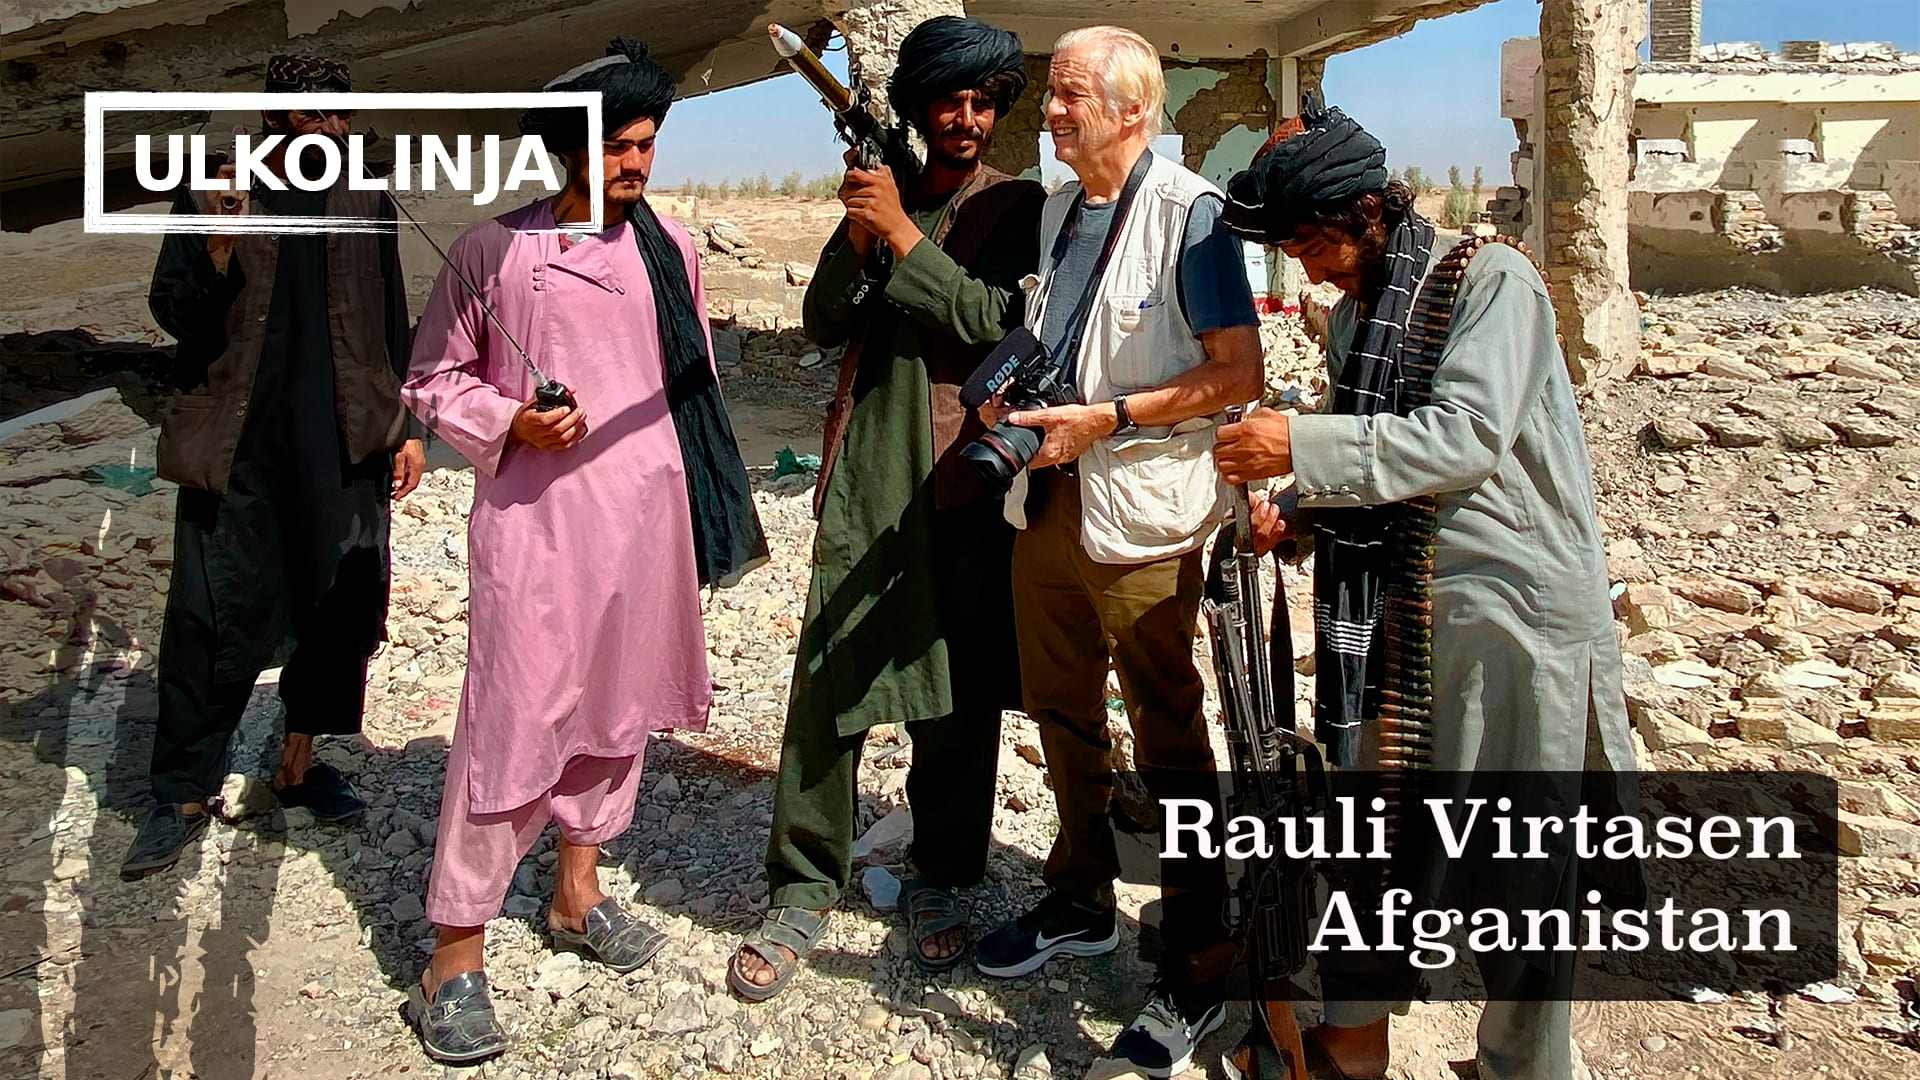 Rauli Virtanen työtehtävissä Afganistanissa. Hän seisoo kamera kädessä keskellä Taliban-miehiä. Taliban-miehillä on käsissään aseita.
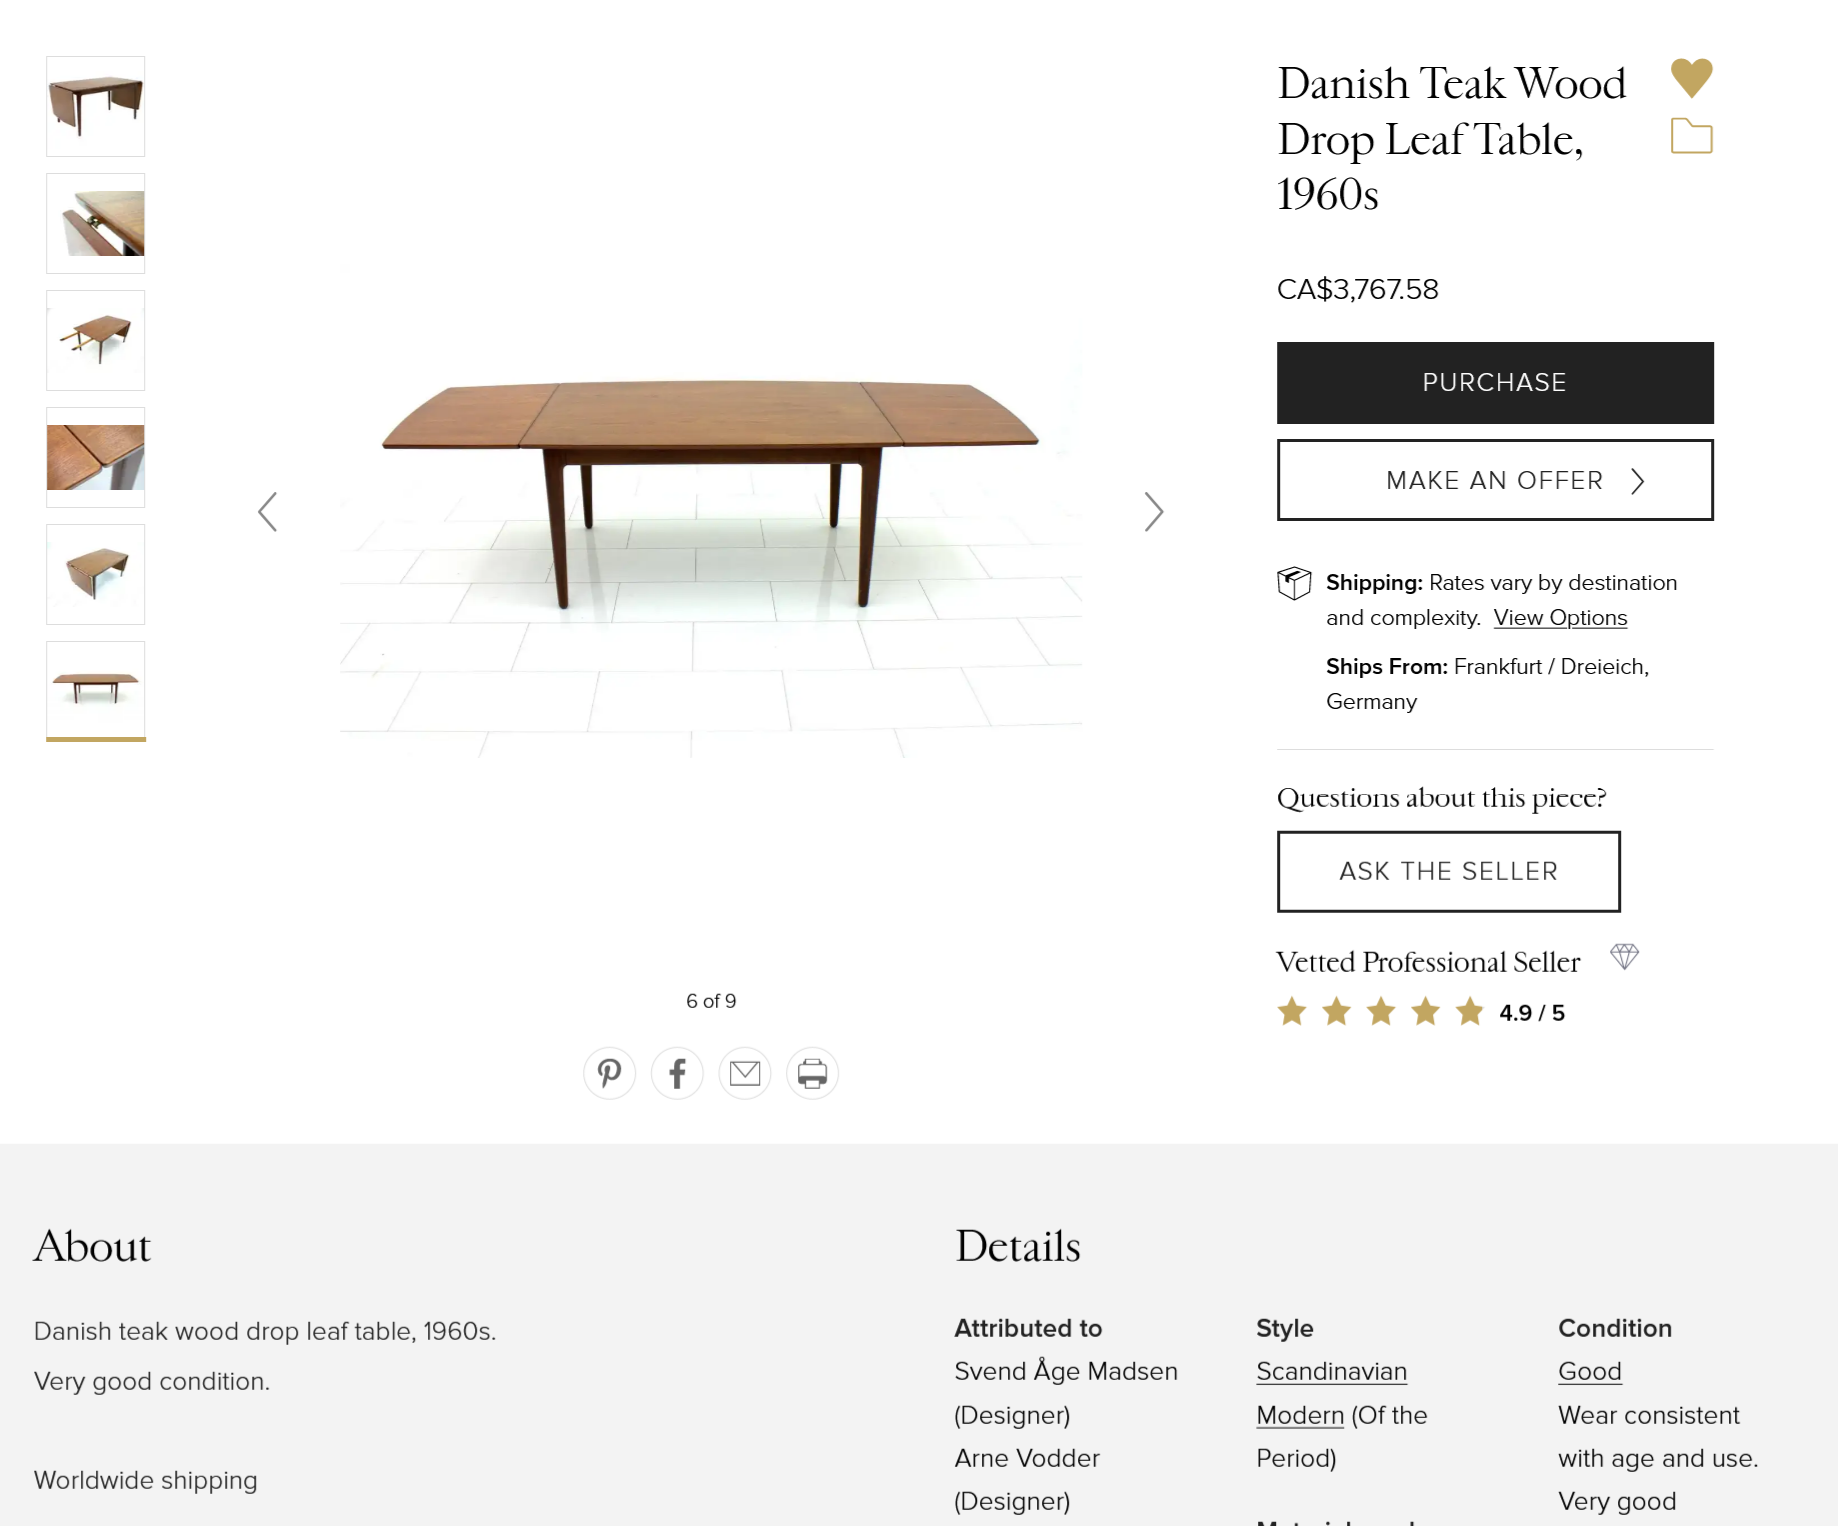 1620003317-Danish-Teak-Wood-Drop-Leaf-Table-1960s-Vamo-Arne-Vodder.png
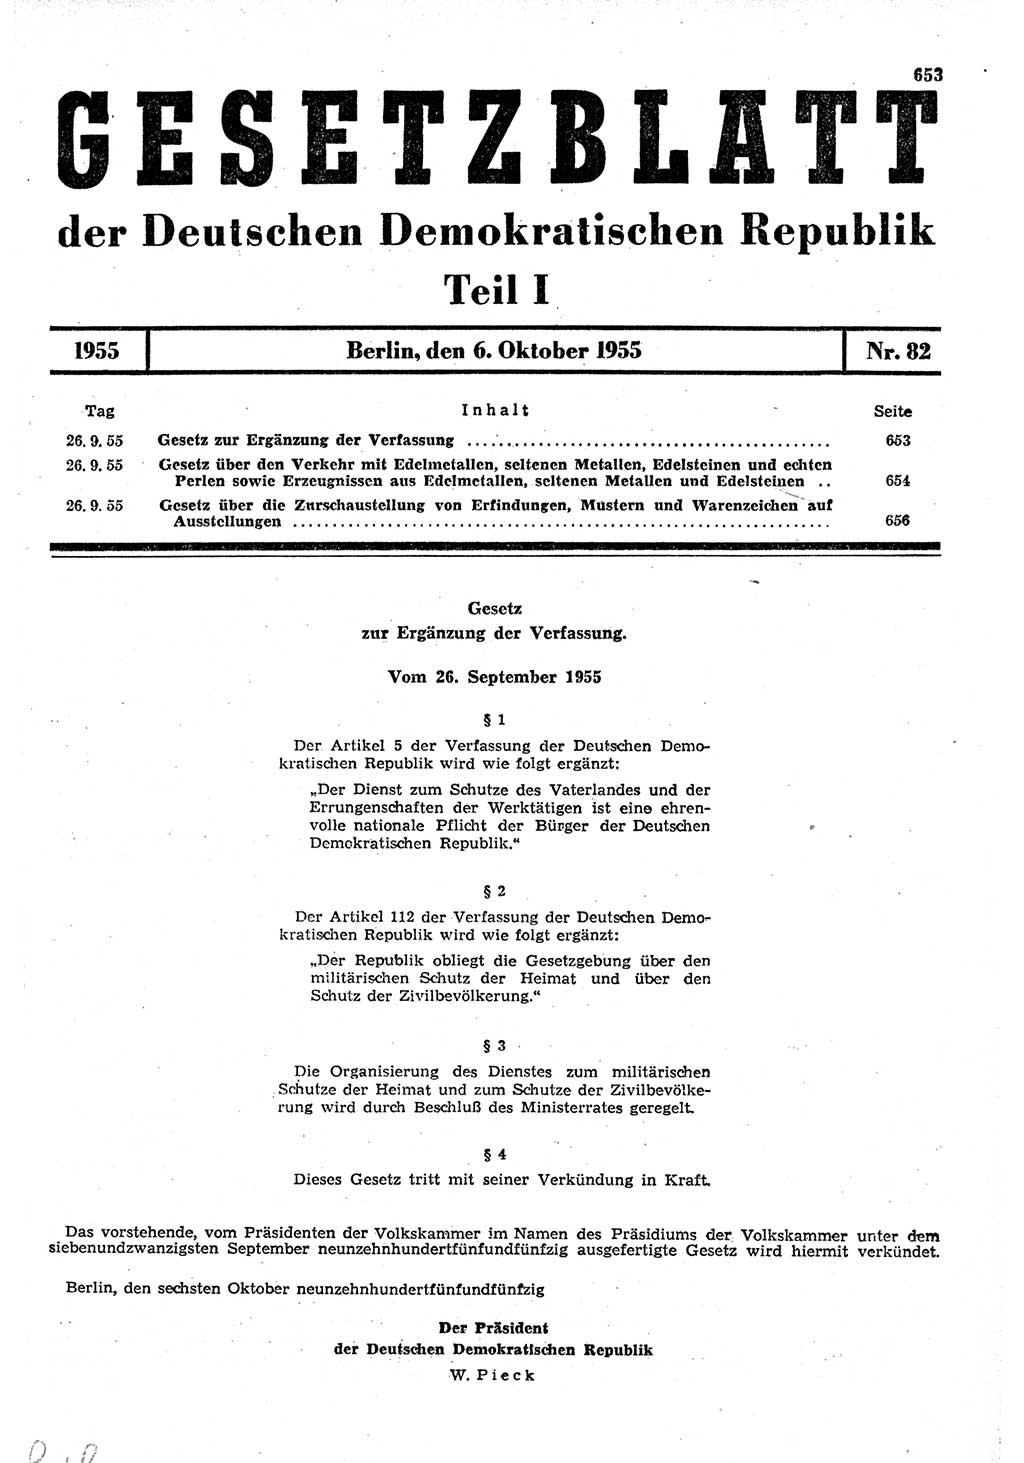 Gesetzblatt (GBl.) der Deutschen Demokratischen Republik (DDR) Teil Ⅰ 1955, Seite 653 (GBl. DDR Ⅰ 1955, S. 653)

## Problem details
Give the data above again exactly. Leave the pictures out.

## Solution below
 Rauli Virtanen työtehtävissä Afganistanissa. Hän seisoo kamera kädessä keskellä Taliban-miehiä. Taliban-miehillä on käsissään aseita.
 1620003317-Danish-Teak-Wood-Drop-Leaf-Table-1960s-Vamo-Arne-Vodder.png
 Gesetzblatt (GBl.) der Deutschen Demokratischen Republik (DDR) Teil Ⅰ 1955, Seite 653 (GBl. DDR Ⅰ 1955, S. 653)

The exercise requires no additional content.